Marginal seats

Taunton Deane: the list of likely Lib Dem losses just grew one seat longer

Jeremy Browne’s decision not to stand for re-election as Liberal Democrat MP for Taunton Deane has probably turned his seat into a near-certain gain for the Tories.

His majority of 3,993 in 2010, together with his strong local and national profile, could have been enough to see off a Conservative challenge. I left Taunton Deane off the list of possible Tory gains in my latest prediction of the election result. Even though Lord Ashcroft’s most recent poll suggested Browne was trailing by four points, I thought the seat would prove to be just beyond the Tories’ chances.

Well, not anymore. Taunton Deane must now move back into the column of potential Conservative gains. As the 2010 result showed, there is only a tiny Labour vote left to be squeezed:

Taunton Deane 2010 result

There is hope for Browne’s replacement as candidate, however. Ukip may suck away enough Tory support to allow the Lib Dems a close win. And the seat is not near the top of the Conservatives’ target list. Taunton Deane is actually in 17th place when you rank all the Lib Dem seats where the Tories are the main challengers:

Lib Dem seats with the Tories in second place

There are 36 such seats in total, meaning Taunton Deane is almost exactly halfway down. Can the Tories really make their way this far through the list? If they do, my feeling is that it won’t be as part of a clean sweep. The Conservatives won’t be as nearly as effective as Labour in vacuuming up Lib Dem marginals, chiefly because Lib Dem support looks like collapsing more towards Ed Miliband’s party than that of David Cameron.

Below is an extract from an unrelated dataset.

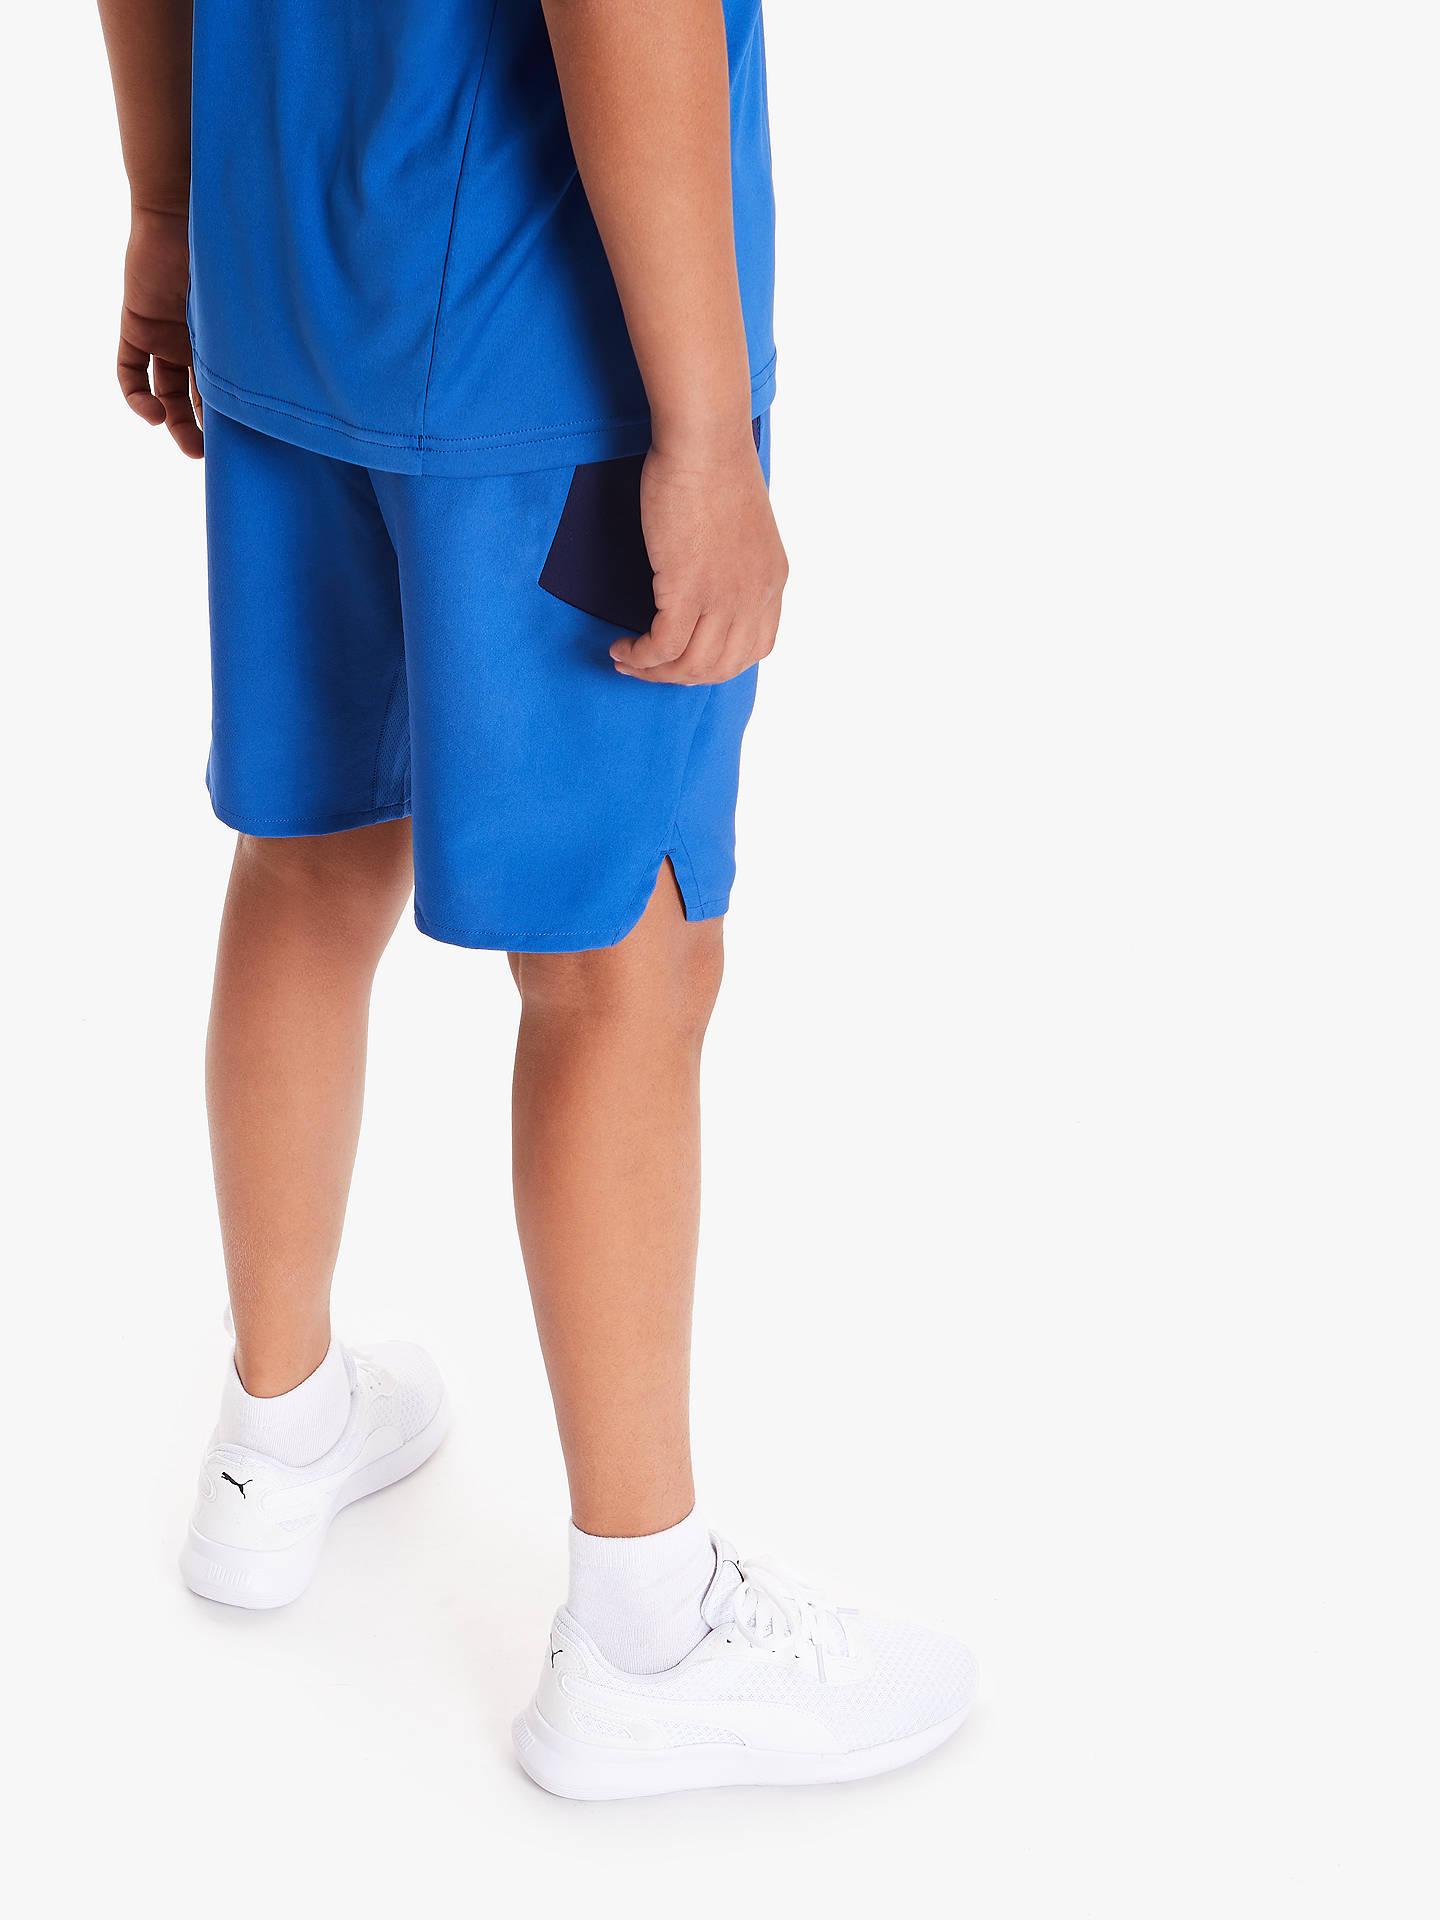 PUMA Boys' Active Sports Shorts, Galaxy Blue at John Lewis & Partners

And therein lies the pivot around which the outcome of the 2015 election could turn.


3 responses to ‘Taunton Deane: the list of likely Lib Dem losses just grew one seat longer

    • It’s a possibility, and certainly proved to be the case at the Eastleigh by-election last year. But the fact the Lib Dems were polling behind the Tories even before Browne’s announcement doesn’t bode well, I think.

      Either way, Taunton Deane has now become one of the Lib Dems’ key seats. If they can hold on here, the election won’t be such a calamity for them as others have predicted.

  1. I agree. The local (and national) profile of a sitting Lib Dem MP seeking re-election, is a crucial element. Julian Huppert in Cambridge, to name but one, has this advantage but the seat may fall to Labour if the student support for the Lib Dems, so evident in 2010, evaporates.